Not all features require the same level of process and polish. Coupled with always-limited budgets, we must set a level of effort appropriate to the situation - as too much effort on a less-critical feature robs resources for more important functionality. We triage which functions get the 'white glove' touch vs. 'good enough'. That is not "cutting corners." Rather, it's managing resources and it is very important.
2. Where is the risk or unknown?
The product management concept of the "3 lenses" provides a framework for the typical categories of unknowns in digital products. Pictured below, gaining a holistic view of the product requires us to consider the feasibility (can be built), desirability (will be valued by users), and viability (has a sustainable business model). As a starting point, you need to be clear on where major risk resides.

Feasibility: We aren't certain of which technical solution to choose, need to confirm if certain technologies or architectures can meet specific performance needs, or need to know if the functionality can be achieved at all.
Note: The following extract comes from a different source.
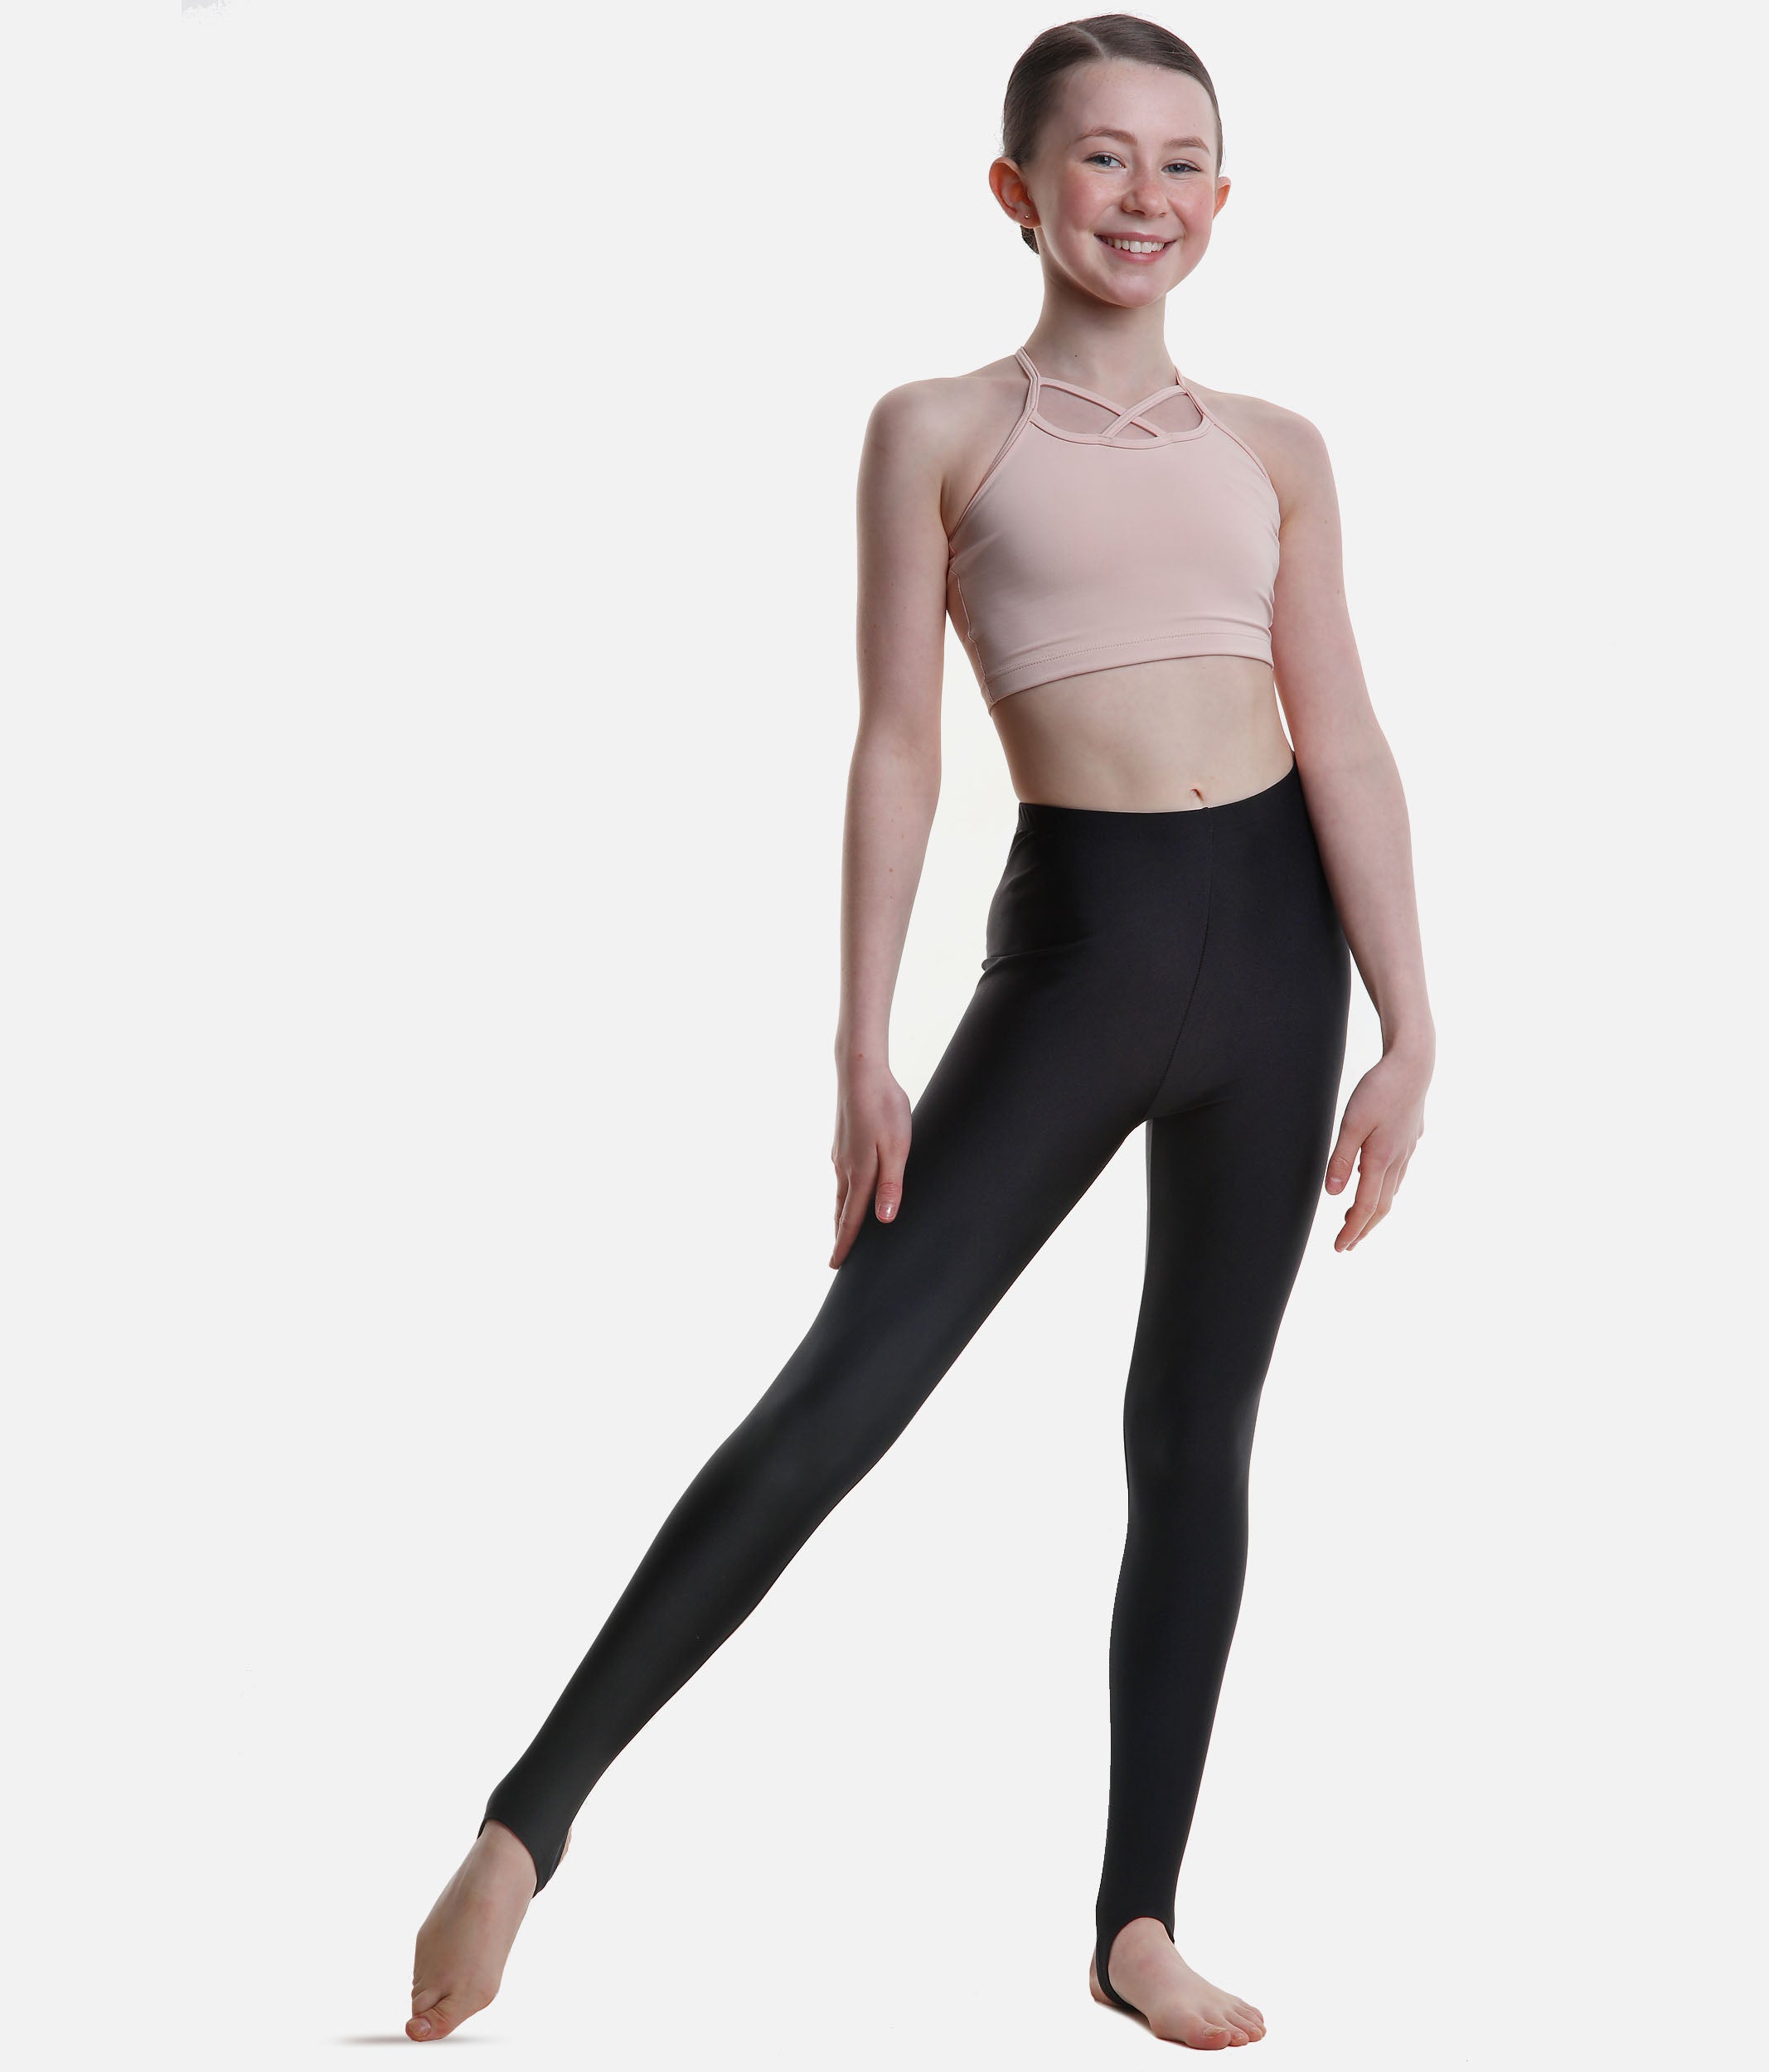 Girls Children Kids Stirrup Leggings Dance Gymnastics Yoga Nylon

Research spikes are short and low-effort (often less than 1 engineer for 1 sprint) explorations on some very specific feasibility question. Example: will PostgreSQL JSONB fields support the specific query needs we have? I could research the docs, perhaps spin up a local version and seed some data to demonstrate a couple key queries. If we confirm that it cannot be done, we can move along and no longer consider that option.
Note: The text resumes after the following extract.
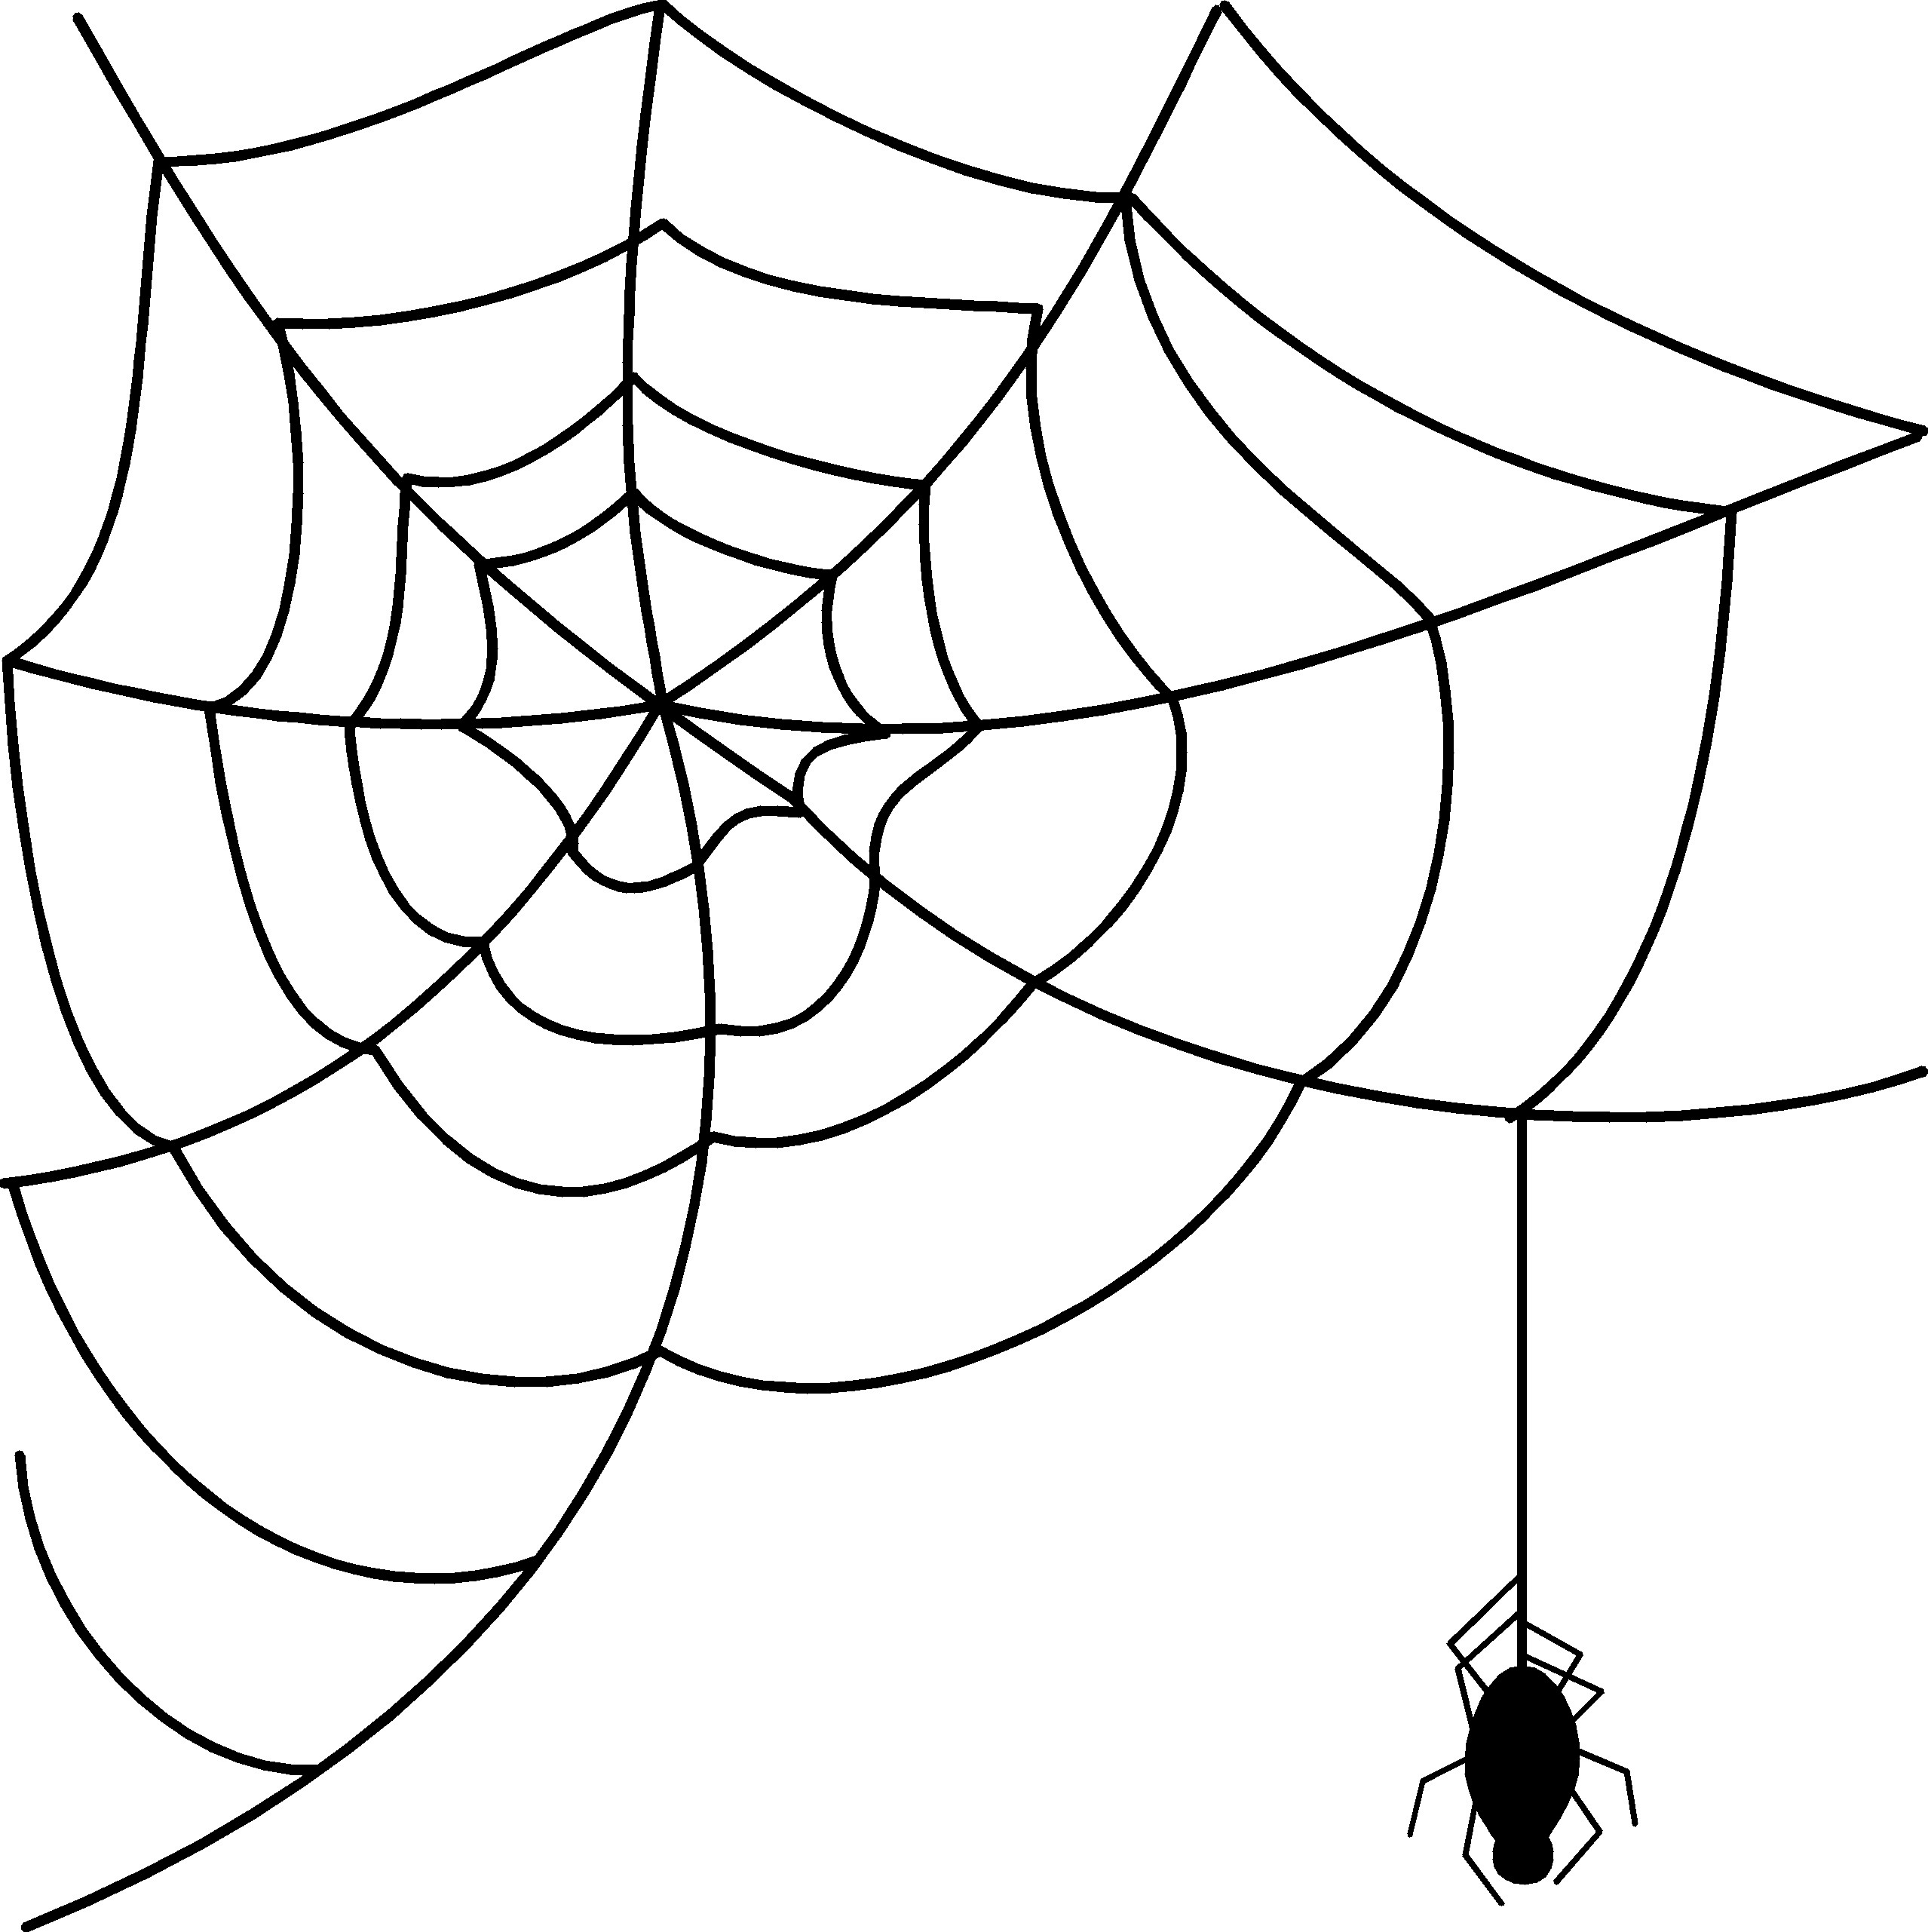 Clipart Spider Web - Cliparts.co

Engineering or architectural proof of concepts (PoCs) are more involved, trying to meet a vary targeted subset of requirements. Code is throw-away, so we simplify all other typical solution constraints (we don't need robust testing, infrastructure automation, etc.). Example: will AWS Lambda and SQS give us all we need for managing a data pipeline including managing failed transactions? We can set that up in a sandbox environment that is not "production grade."
Desirability: We don't know if users will want to use the product at all, or perhaps aren't sure which of many design directions might best serve their needs. Worse yet, sometimes we think we know what users want. If we haven't validated those ideas, we are at risk of spending a lot of effort building the wrong thing only to figure that out after launch. Even if the solution idea comes from a user or SME, validation of desirability is still often warranted.
User research tests higher-level ideas or generates insights about user desires and motivations. It prunes some possible directions (if users don't care about a workflow happening more quickly, then we don't need to chase down solutions for streamlining). There are many research techniques that are best covered elsewhere.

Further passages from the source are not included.